Das Heizkraftwerk Altbach/Deizisau ist ein Steinkohlekraftwerk in Baden-Württemberg. Es besteht aus zwei Blöcken und steht am Neckar bei Esslingen auf den Gemarkungen der Gemeinden Altbach und Deizisau, Württemberg.[1]

Die insgesamt installierte elektrische Leistung beträgt einschließlich der Gasturbinen und des Kombiblocks 4 rund 1270 MW. Das Kraftwerk ist an das 110-kV-Hochspannungsnetz der Netze BW und an das 380-kV-Höchstspannungsnetz der Transnet BW angebunden.

Geschichte[Bearbeiten | Quelltext bearbeiten]

Bereits im Jahre 1899 baute Heinrich Mayer seine Kraftcentrale, das erste Kohlekraftwerk am Standort Altbach. 1899 gilt damit auch als Gründungsjahr der Neckarwerke.
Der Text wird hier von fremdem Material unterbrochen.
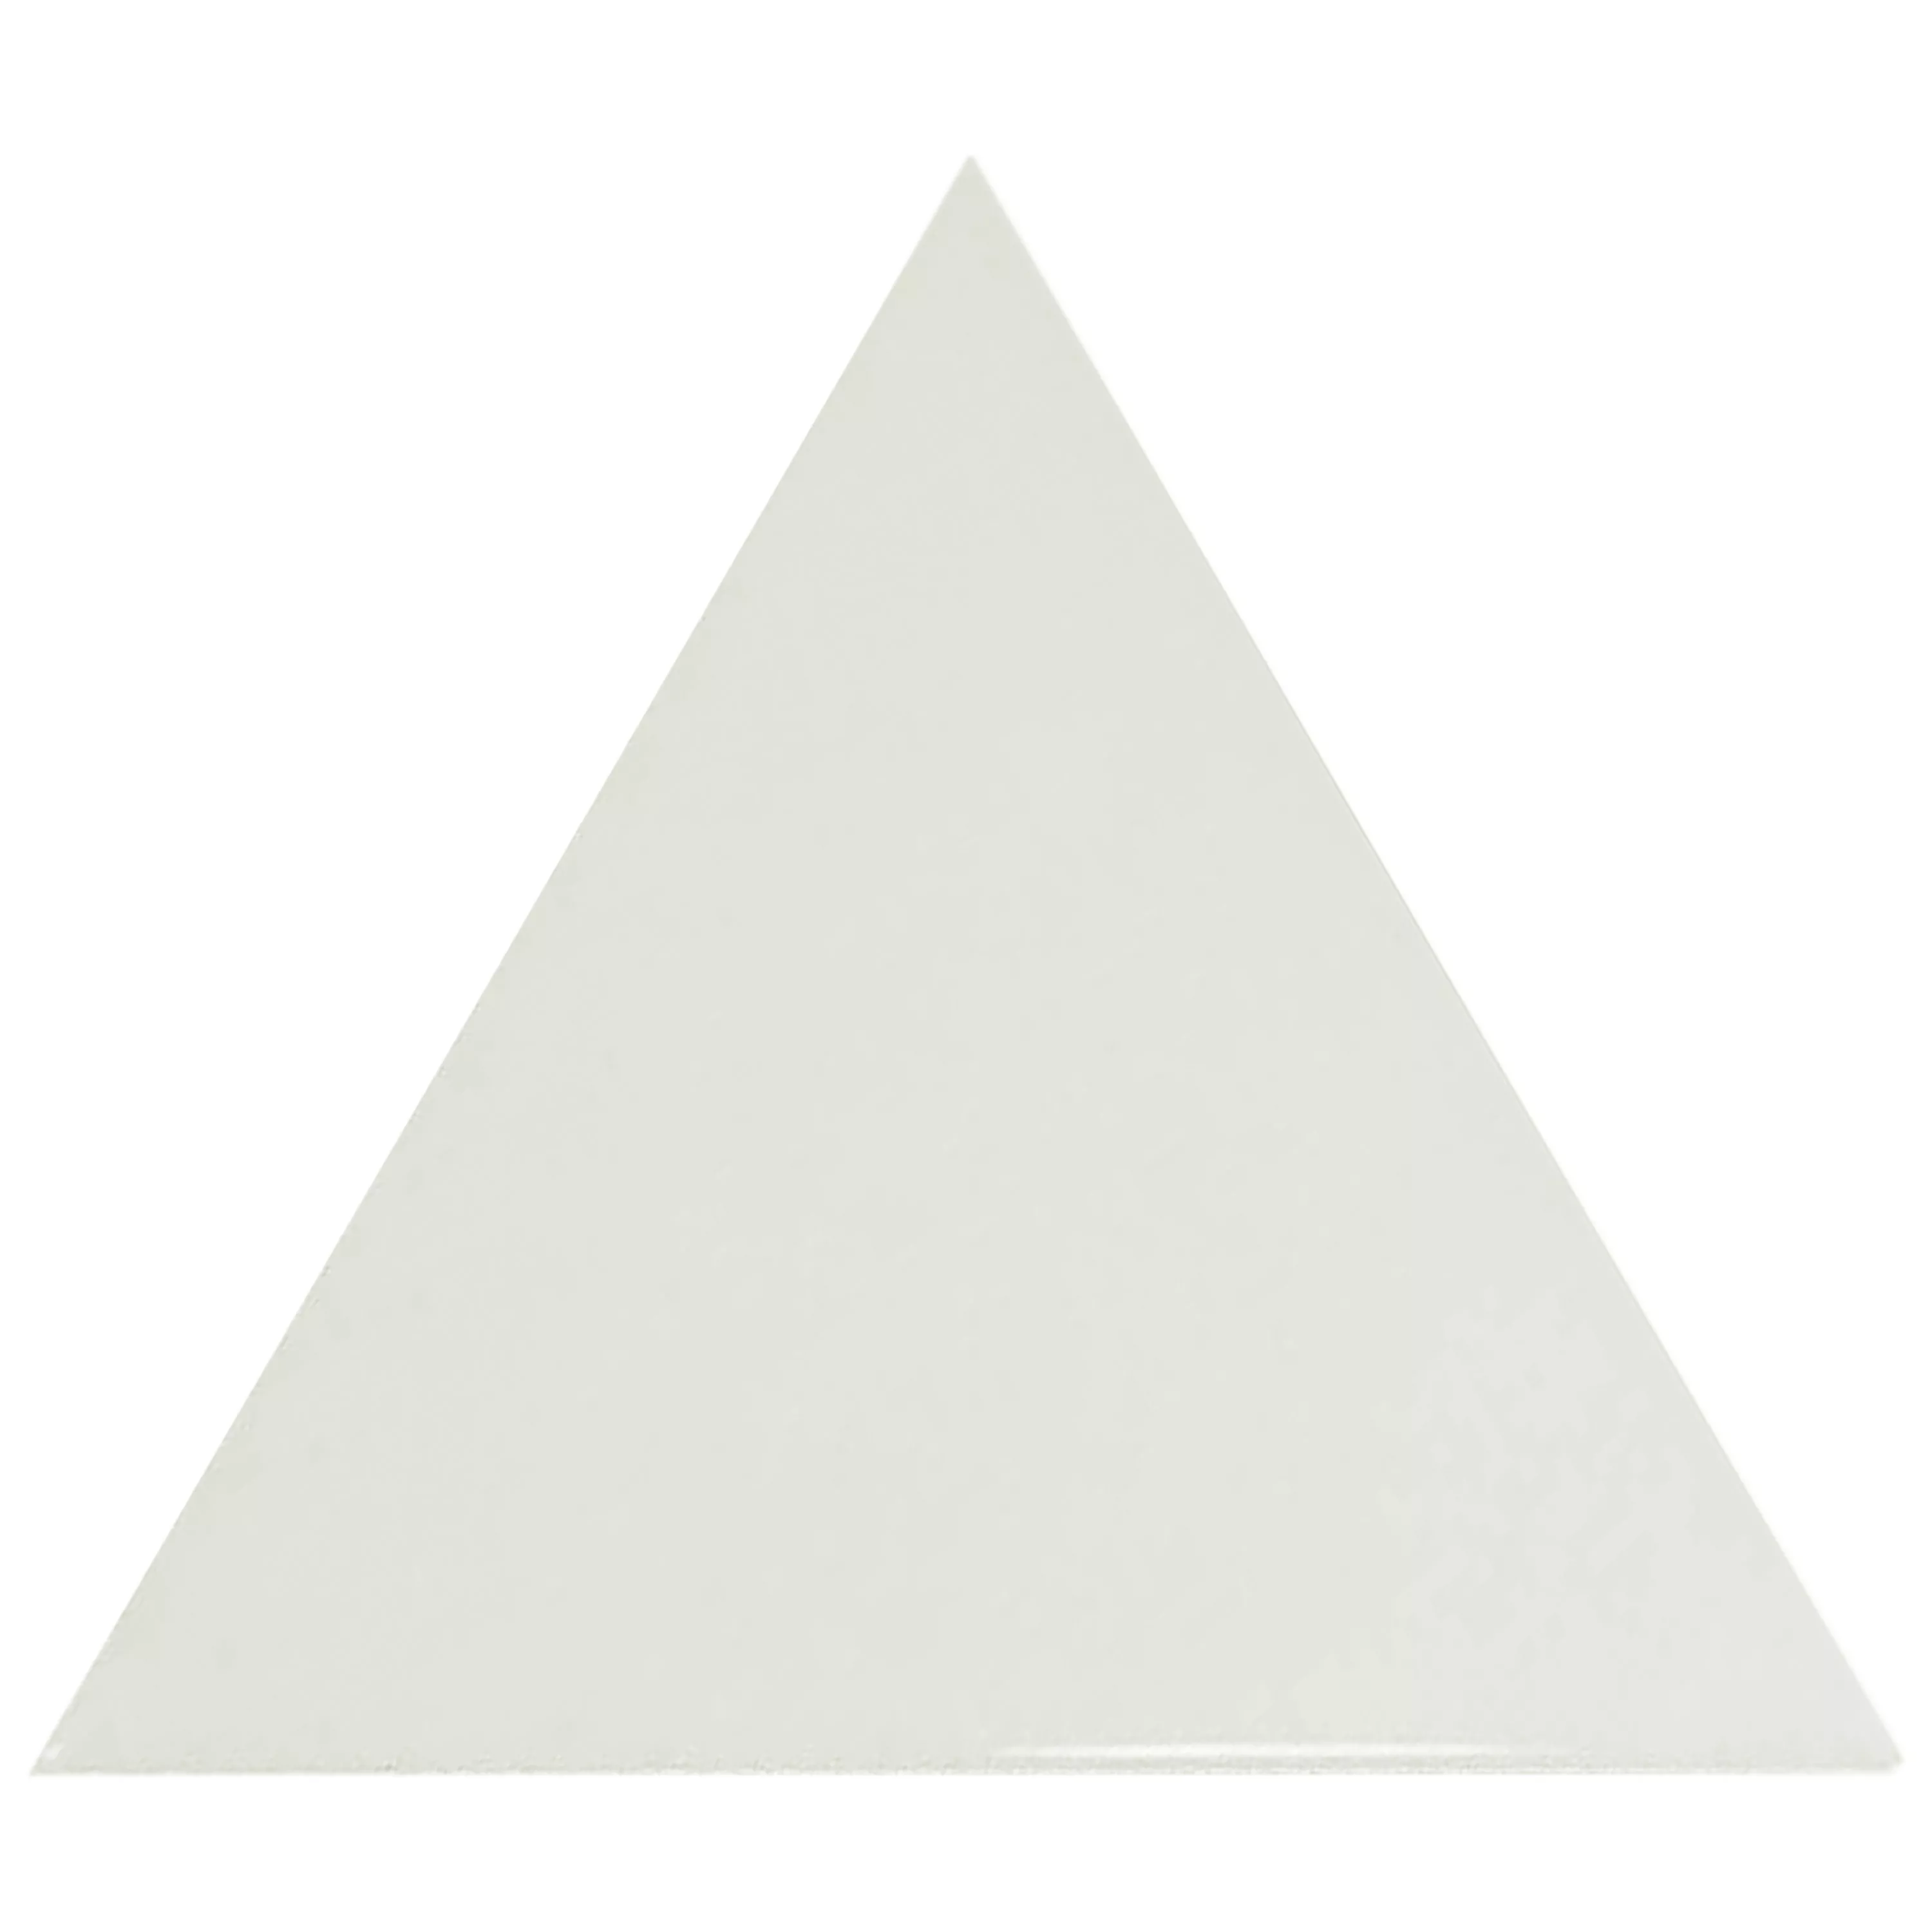 Sample Wall Tiles Britannia Triangle 10,8x12,4cm Mint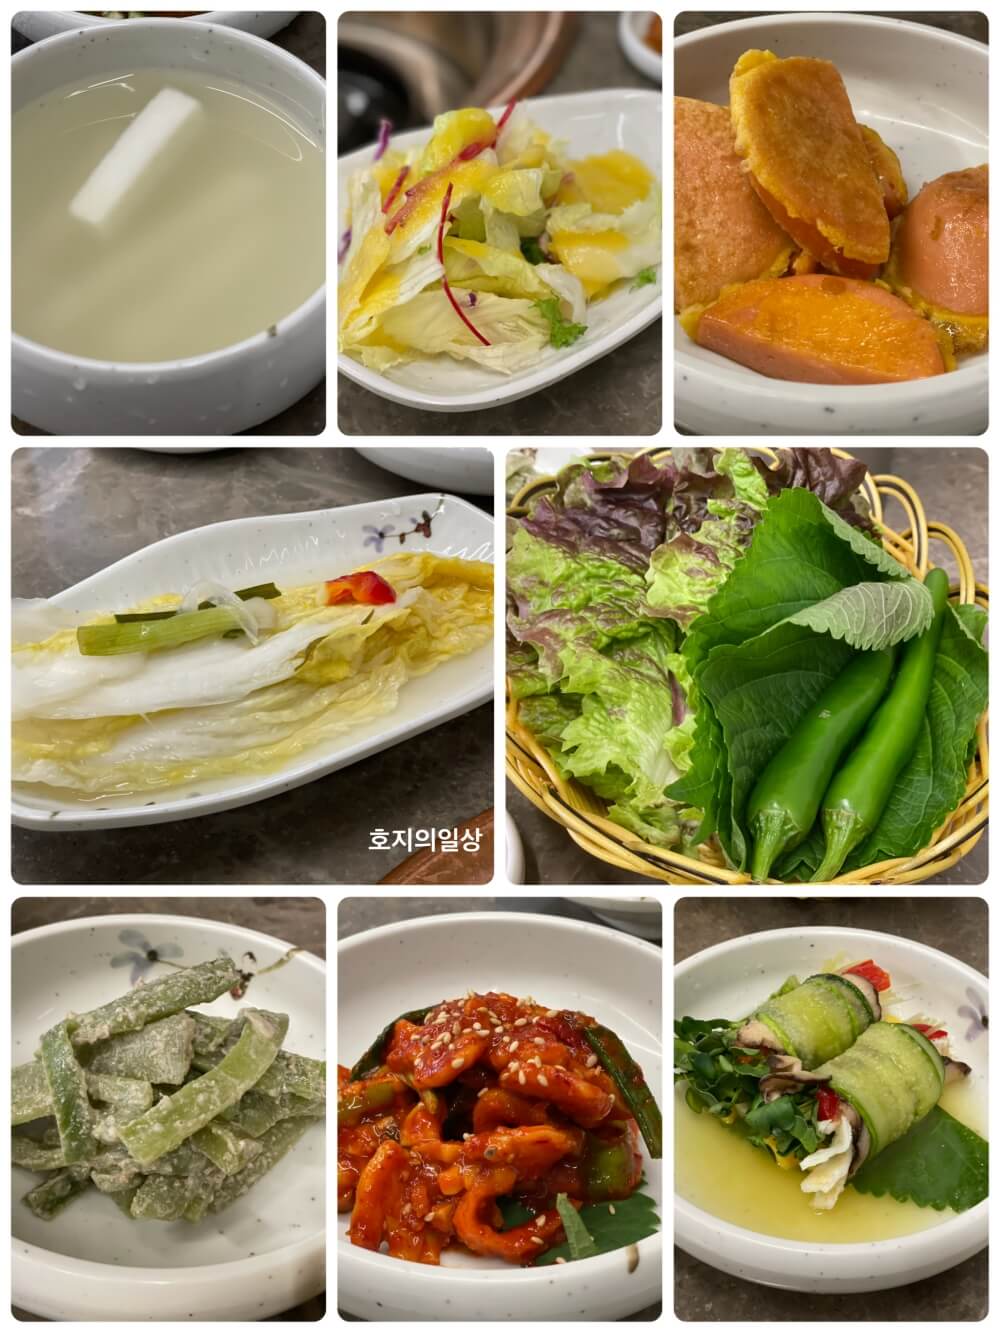 서울 강남 역삼 양념갈비 맛집 유미식당 - 깔끔한 반찬

Ende der 1940er Jahre entstand dann der Vorläufer des heutigen Kraftwerks. Im Jahre 1950 ging Block 1 in Betrieb. Block 2 und 3 folgten 1960, Block 4 im Jahre 1971. Block 1 wurde 1982 stillgelegt und 1985 abgerissen, der 120 Meter hohe Schornstein gesprengt. Block 2 und 3 wurden 1993 abgerissen und die beiden ebenfalls 120 Meter hohen Schornsteine gesprengt.[2][3]

Bestehende Kraftwerksblöcke[Bearbeiten | Quelltext bearbeiten]

Heizkraftwerk 1[Bearbeiten | Quelltext bearbeiten]

Das HKW 1 ging Mitte 1985 ans Netz. Ursprünglich wurde diese Anlage als Block 5 bezeichnet. Das Kraftwerk hatte anfangs eine elektrische Bruttoleistung von 420 MWel. Durch Retrofitmaßnahmen an der Hoch- und Niederdruckturbine im Jahr 2006 konnte die elektrische Leistung auf 465 MWel gesteigert werden. Die Fernwärmeauskopplung von 280 MWth blieb dabei unverändert.

Das HKW 1 speist auf der 380-kV-Höchstspannungsebene in das Netz des Übertragungsnetzbetreibers Transnet BW ein.[4]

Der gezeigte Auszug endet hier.